Parsing XML with filter - java

i parse XML document in java with:
doc = DocumentBuilderFactory
.newInstance()
.newDocumentBuilder()
.parse(new URL(url).openStream());
work, but is possible to parse with some filter? for example my XML file have one attribute priority, is possible to parse with filter for example priority>8 ?

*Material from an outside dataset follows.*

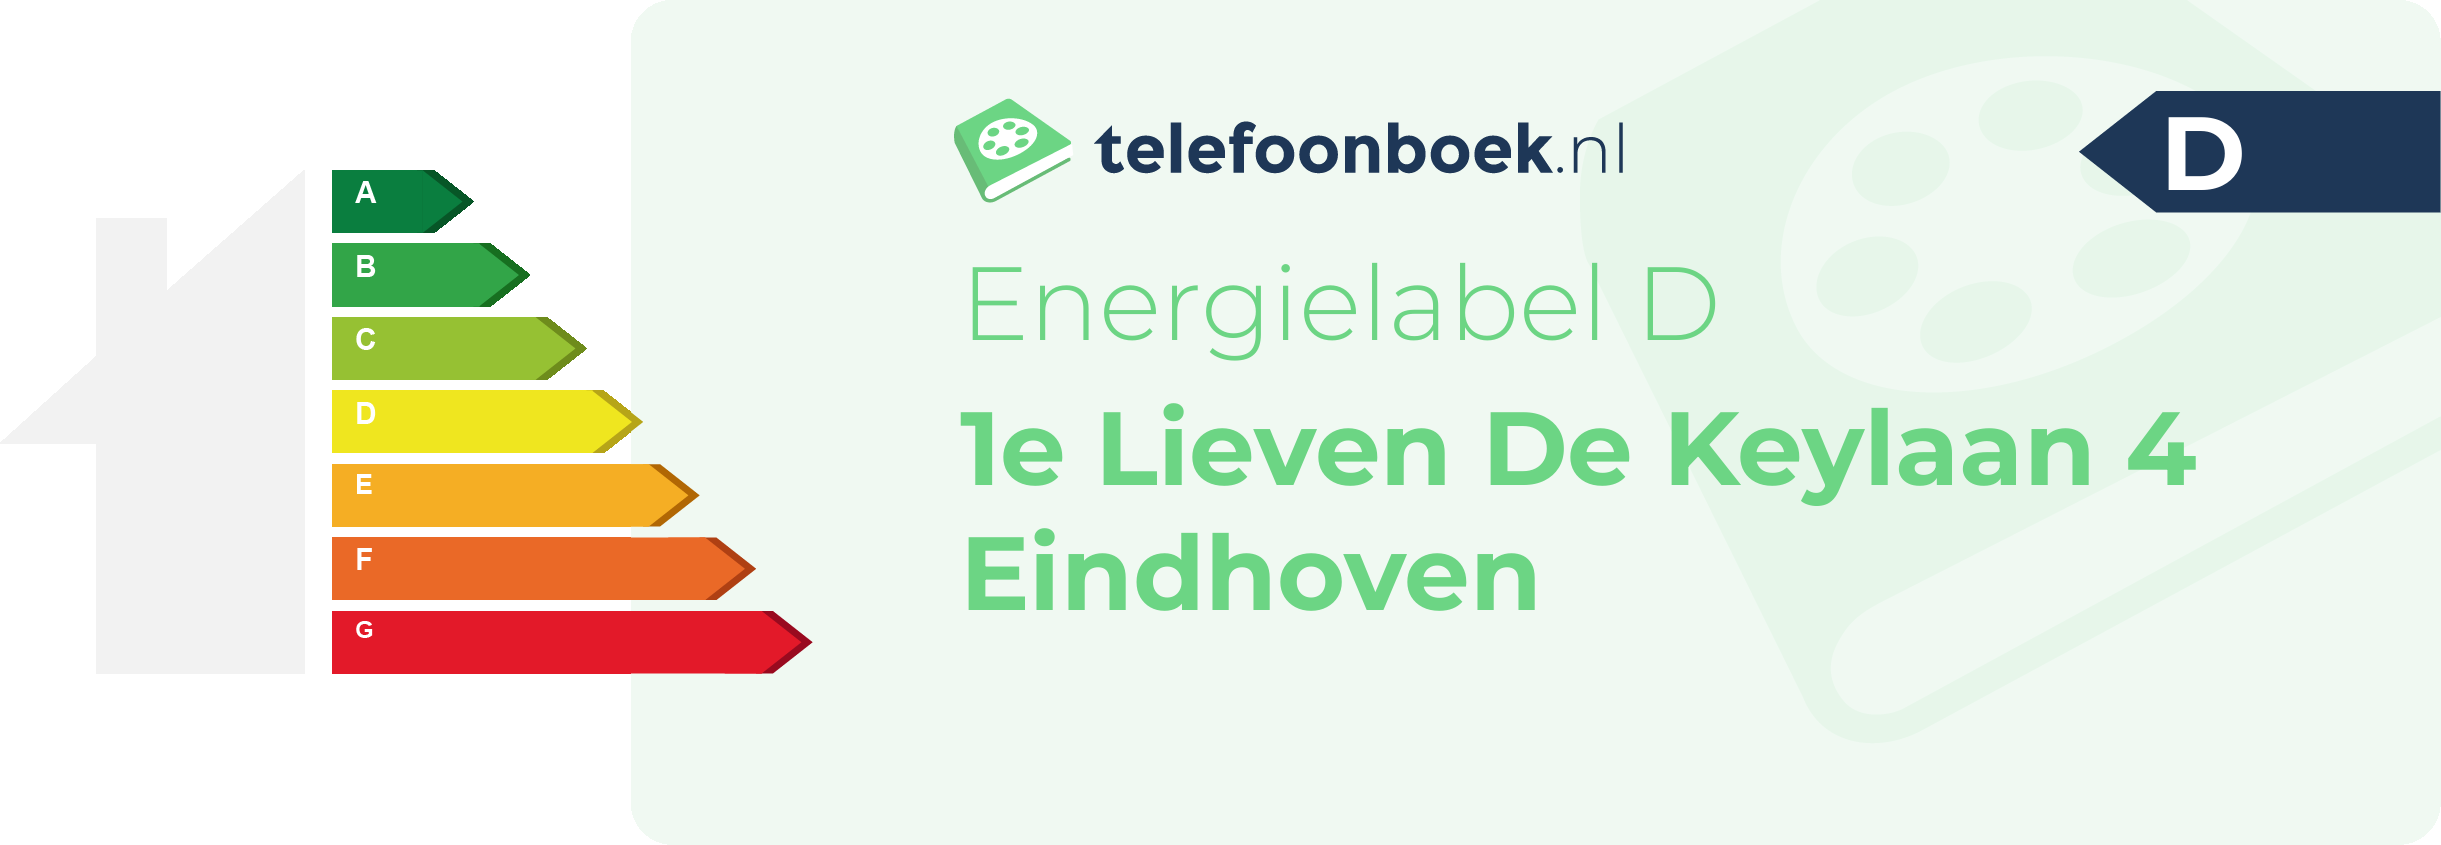 Energielabel 1e Lieven De Keylaan 4 Eindhoven

So in the doc have only element with priority > 8.
Example xml:
<url>
<loc>http</loc>
<lastmod>2015-02-26</lastmod>
<title>Hello</titolo>
<priority>1.0</priority>
</url>
...
Thanks

For the following sample input file named urls.xml
<root>
<url>
<loc>http</loc>
<lastmod>2015-02-26</lastmod>
<title>Hello</title>
<priority>1.0</priority>
</url>
<url>
<loc>http</loc>
<lastmod>2015-02-26</lastmod>
<title>Hello</title>
<priority>7.0</priority>
</url>
<url>
<loc>http</loc>
<lastmod>2015-02-26</lastmod>
<title>Hello</title>
<priority>10.0</priority>
</url>
</root>
You first create the full Document tree as usual
Document document = DocumentBuilderFactory
.newInstance()
.newDocumentBuilder()
.parse(new File("urls.xml"));
Then run the XPath query that selects all the Nodes above a certain priority
XPathExpression expr = XPathFactory.newInstance()

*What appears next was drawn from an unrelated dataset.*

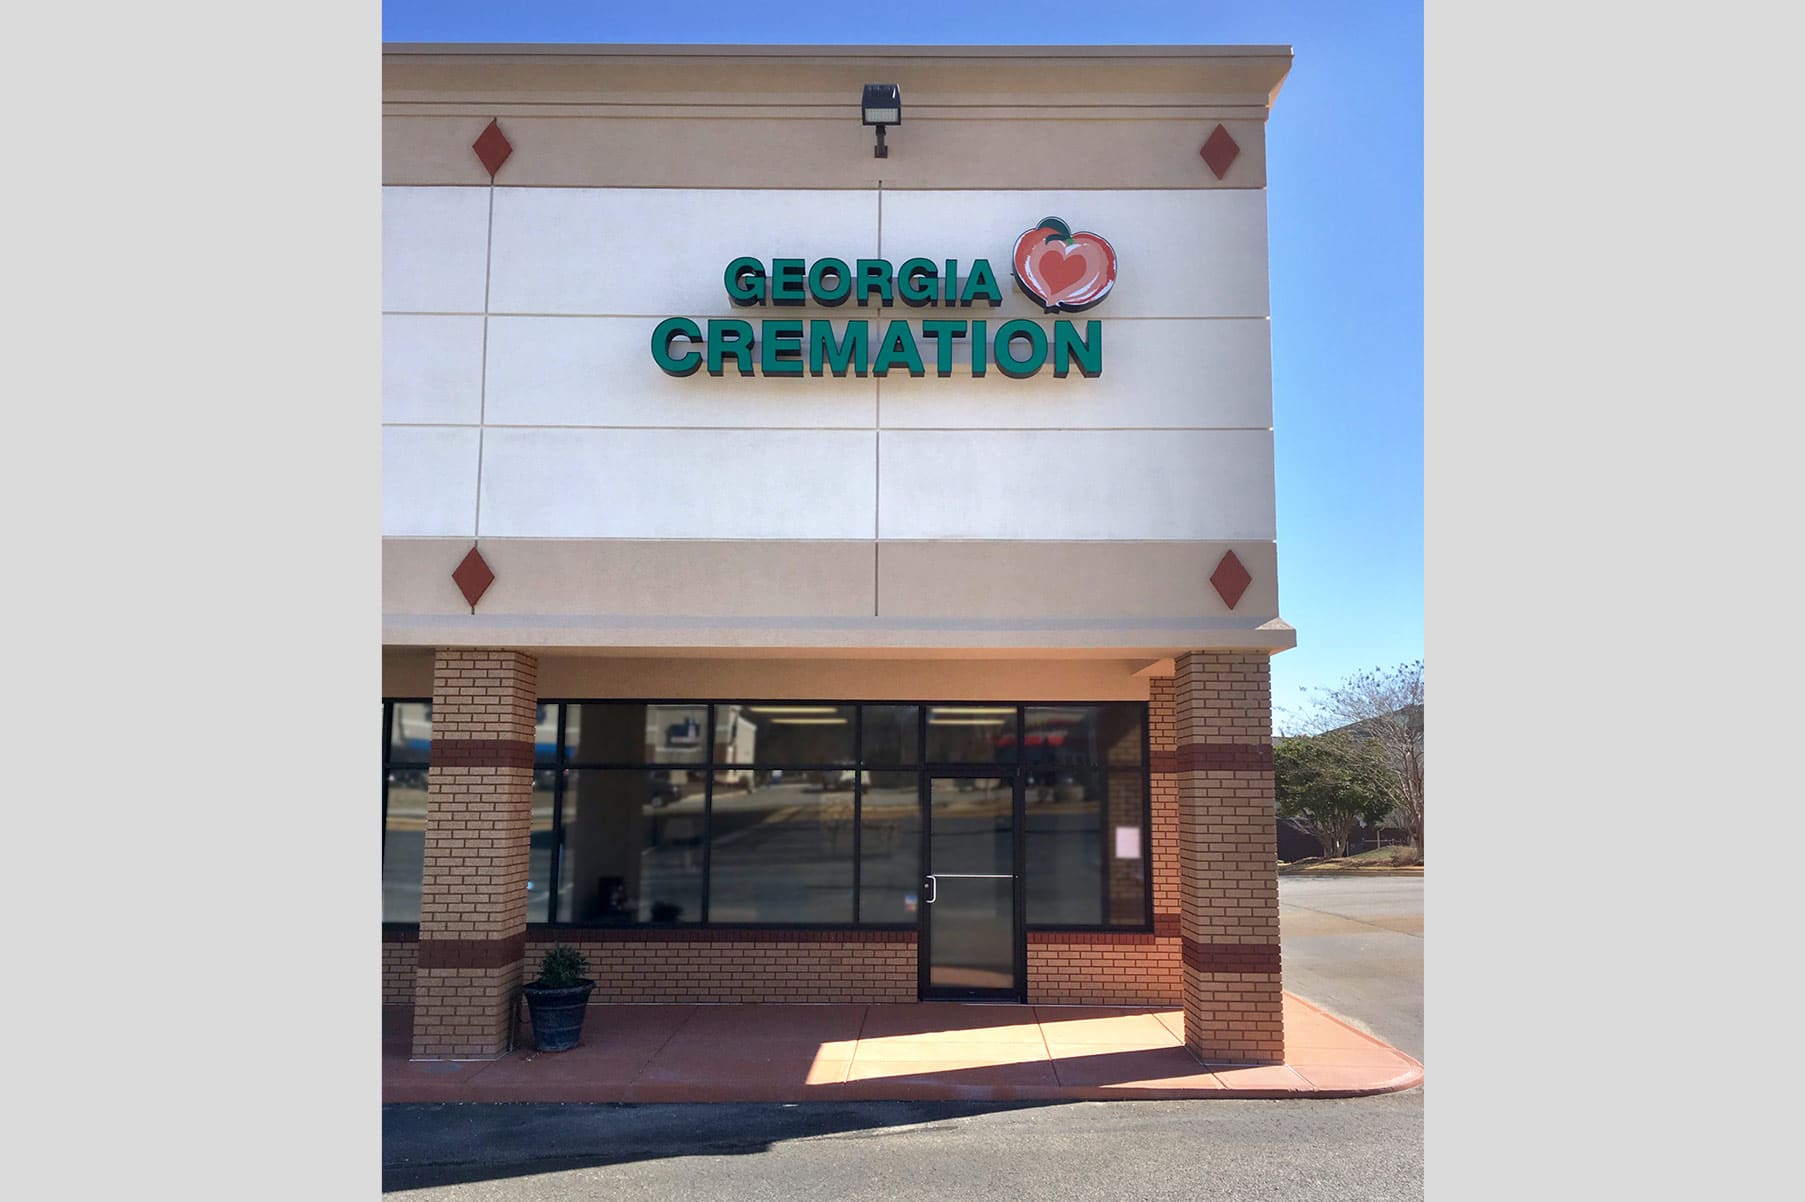 Georgia Cremation's building in Columbus, GA

.newXPath().compile("//url[priority > 5]");
NodeList urls = (NodeList) expr.evaluate(document, XPathConstants.NODESET);
If you want to serialize the results to another xml file, create a new Document first.
Document result = DocumentBuilderFactory.newInstance()
.newDocumentBuilder().newDocument();
Node root = result.createElement("results");
result.appendChild(root);
Then append the filtered url Nodes as
for (int i = 0; i < urls.getLength(); i++) {
Node copy = result.importNode(urls.item(i), true);
root.appendChild(result.createTextNode("\n\t"));
root.appendChild(copy);
}
root.appendChild(result.createTextNode("\n"));
Now, all you need to do is to serialize the new Document to a String and write that out to a file. Here's I'm just printing it out on to the console.
System.out.println(
((DOMImplementationLS) result.getImplementation())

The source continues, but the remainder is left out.